## Exercise:
Give back the listing in full and exactly, leaving out the images.
─── Recorded information ───
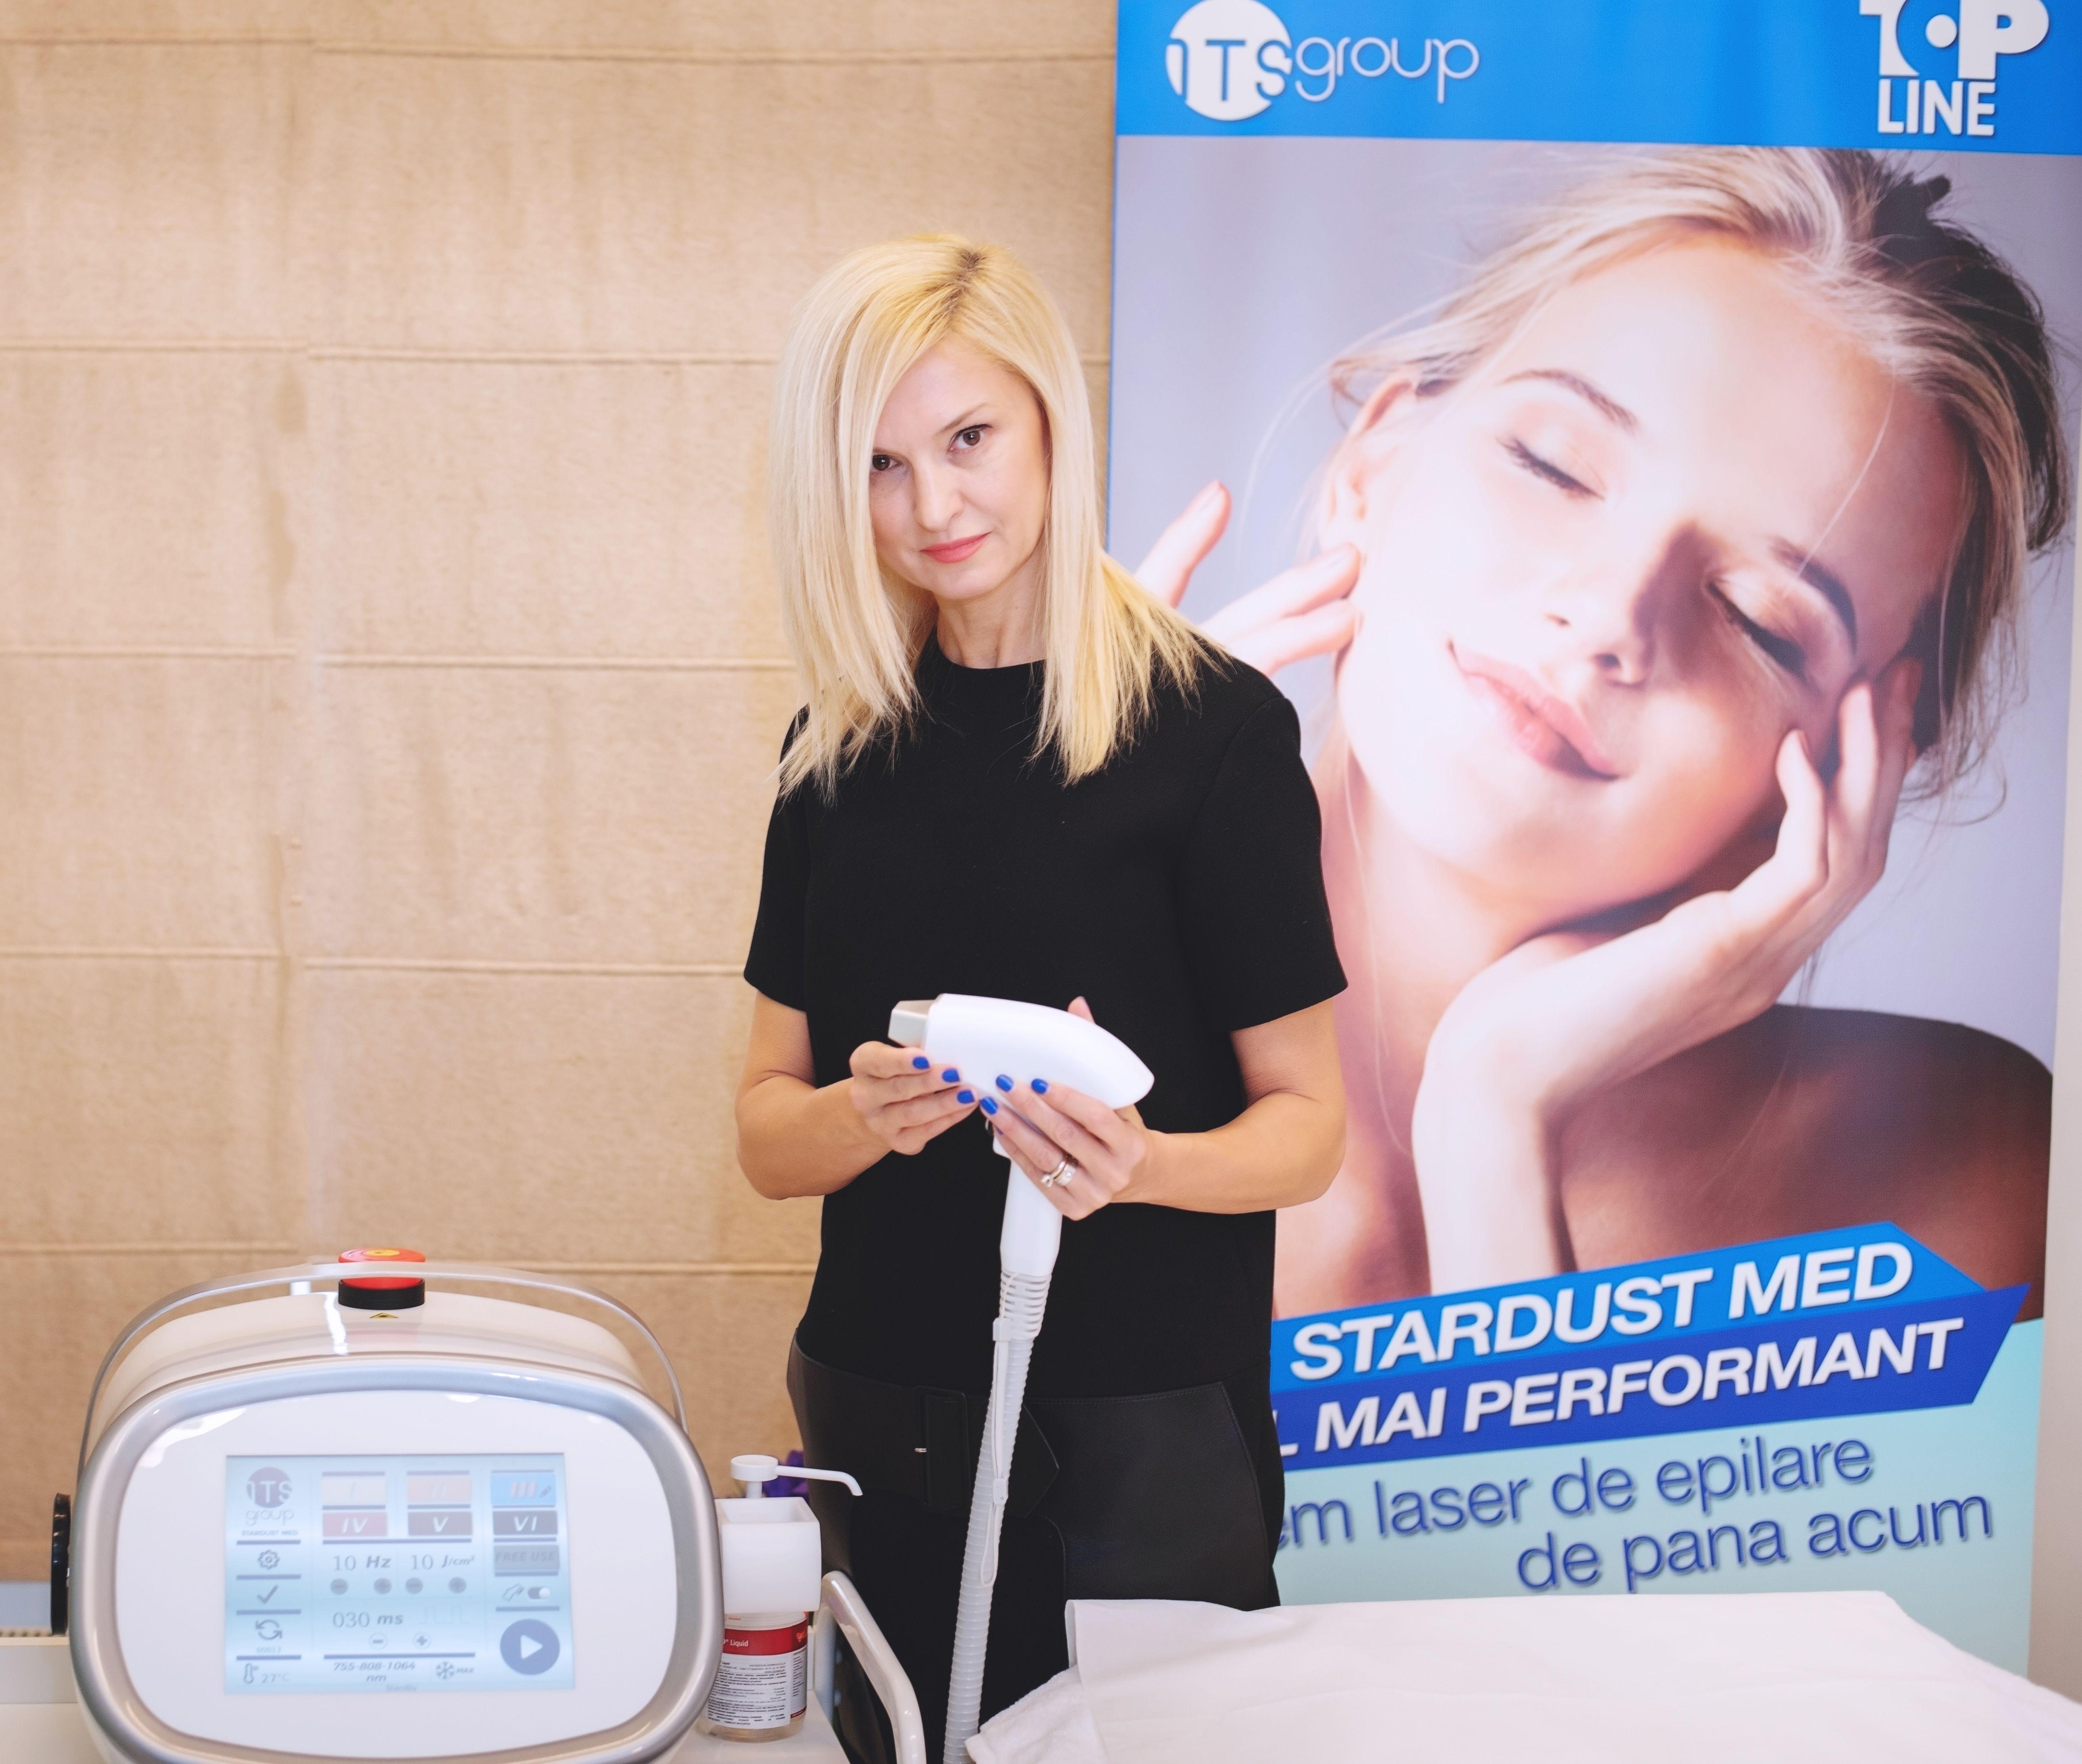 Top Line a lansat STARDUST MED, cel mai eficient si confortabil sistem de  epilare definitiva cu laser
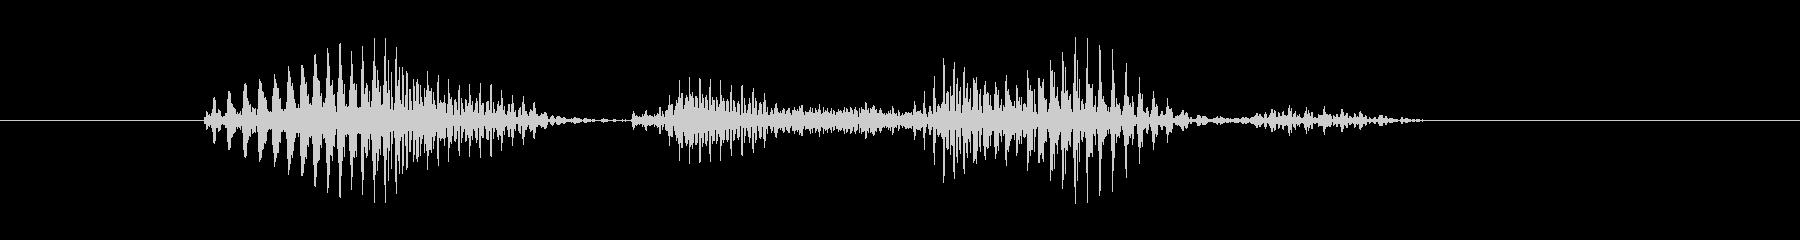 アウトサイドの未再生の波形
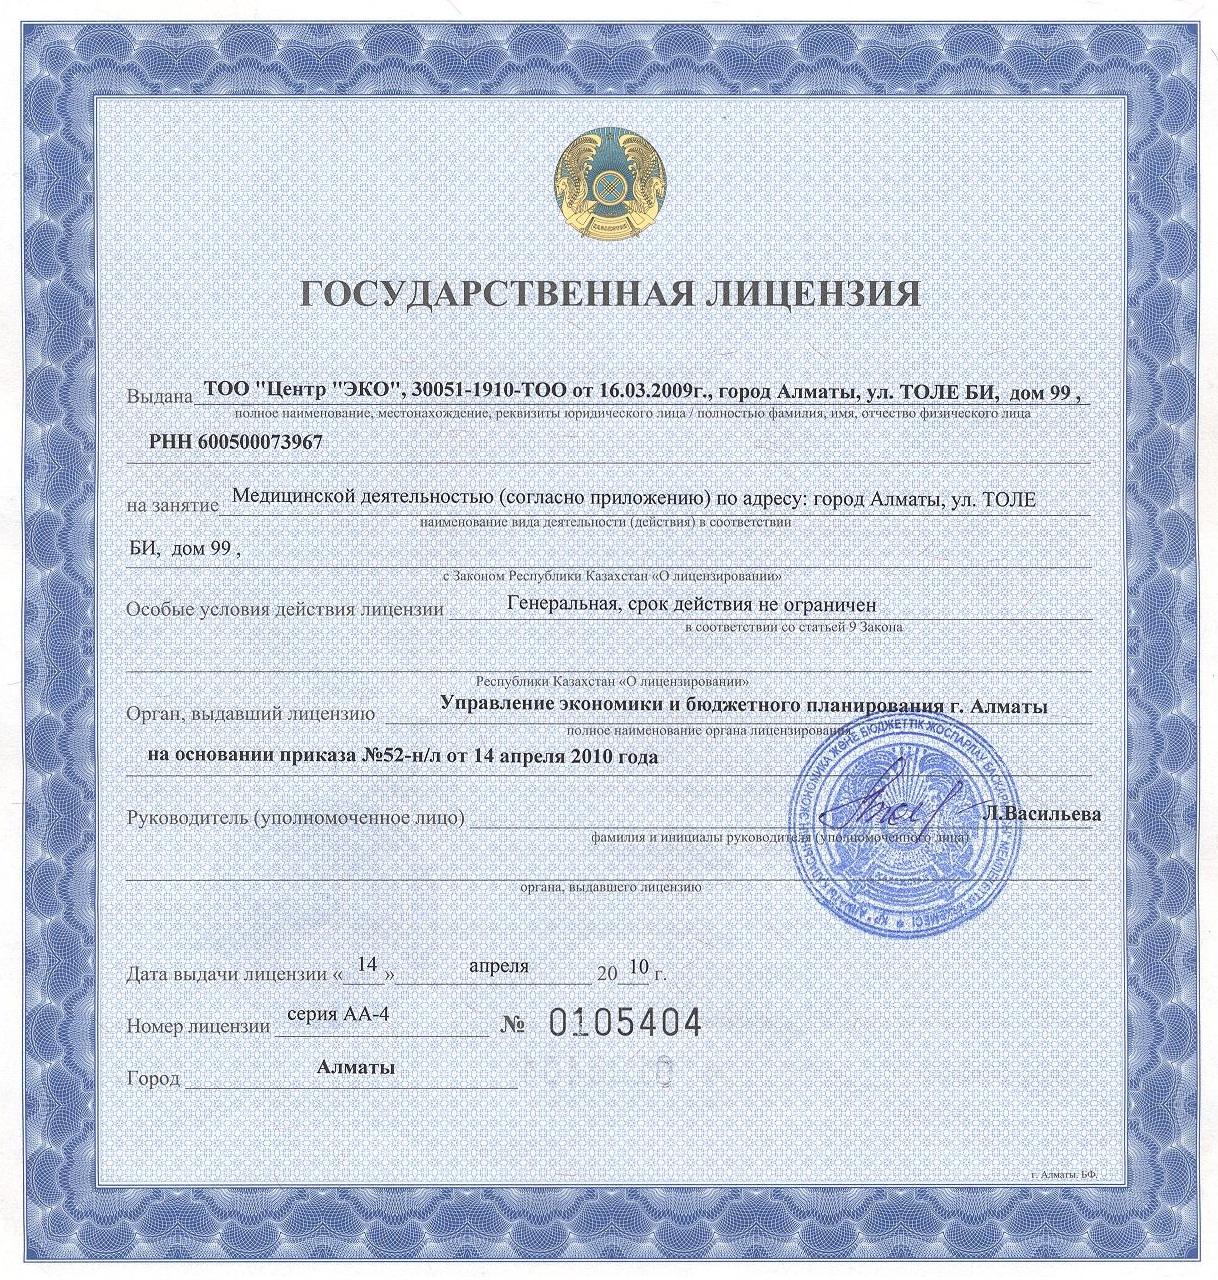 Лицензии, сертификаты фото
───
## Reply to the task:
 Top Line a lansat STARDUST MED, cel mai eficient si confortabil sistem de  epilare definitiva cu laser
 アウトサイドの未再生の波形
 Лицензии, сертификаты фото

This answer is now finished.